Advantage Travel Partnership agents have reported mixed fortunes this year as they assessed the impact of the general election on holiday sales.
Consortium members gathered this week in Bodrum, Turkey, for the group’s annual overseas conference hosted by Mark Warner in the all-inclusive Sea Garden Resort.
Assessing the year to date, Helen Tustin, general manager of Regal Travel and an Advantage board member, said the market was “patchy” but there had been a marked improvement in bookings the week after the election.
“Upmarket and long-haul are good, but what is really suffering is the family market, although it’s picking up for 2016. Families are booking for next year, so maybe they’re giving this year a miss,” she said.
Regal Travel has four shops in Wales, and Tustin said performance of each has been hard to predict, with one of them doing well one day but another standing out the next day.
She said Tunisia has suffered following the terrorist attack on the Bardo Museum on March, and Egypt was also having a hard time.
Mainstream customers are opting for favourites like Spain, with Benidorm and the Canaries remaining popular, and Tustin said Turkey was also going well.
She said wedding bookings were picking up, as was cruise, and city breaks were “doing okay” while UK domestic holidays were flat.
Jackie Steadman, director of Traveltime World and another Advantage board member, said the first quarter had been very positive with the agency up 23% year-on-year.
But she said bookings in April had “fallen off a cliff”. “The election definitely had an effect,” she said.
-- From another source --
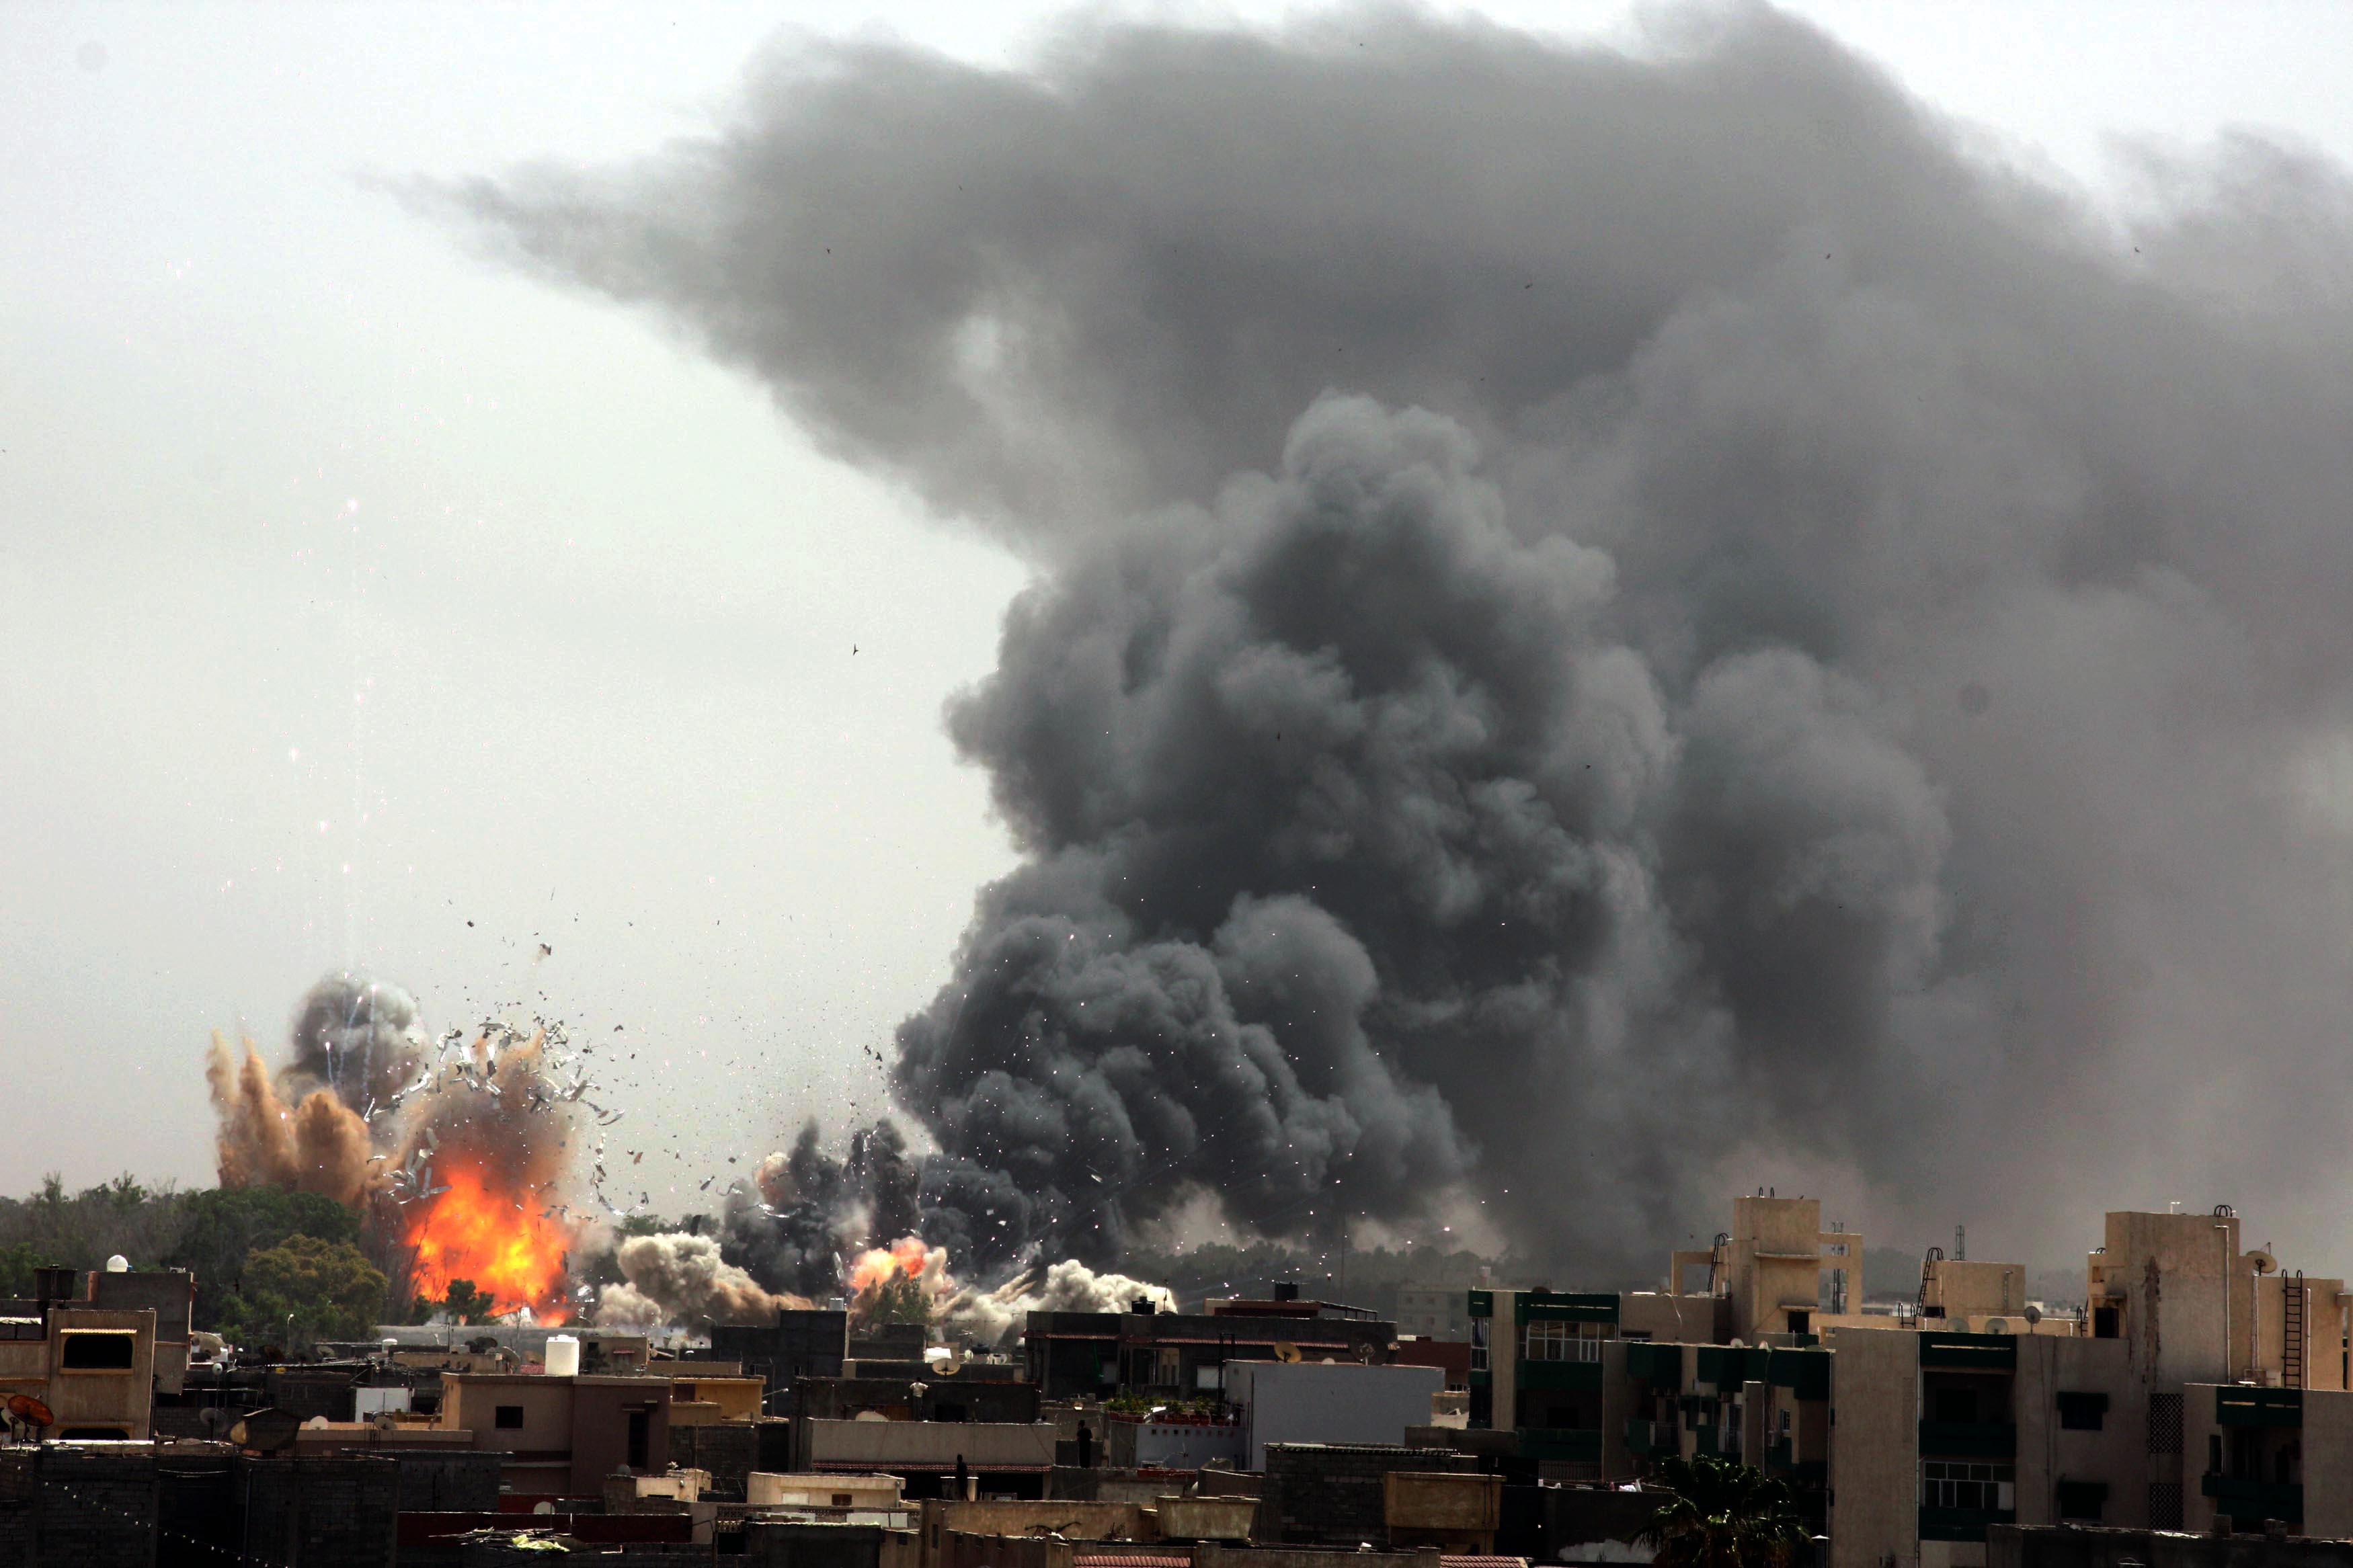 利比亚十年回望:没有自由民主,只有子弹呼啸

Steadman said she believed the timing of Easter also had an impact.
She said business in general has been good with Traveltime’s target market of affluent over-55s still booking, some well in advance.
The agency is already seeing bookings come in for next year, including one that departs on November 16, 2016.
Leicester-based Millington Travel said it had prepared for April to be awful based on figures before the 2010 general election.
But co-owner and director of the six store high street agency Nick Bland said the month had actually beaten all expectations.
“When we were looking ahead for 2015 our biggest worry was April and May but April did really well for us.
“We looked historically at how April was before the 2010 election during the recession and it was a really bad month. We budgeted for it to be awful this year but it beat our expectations.”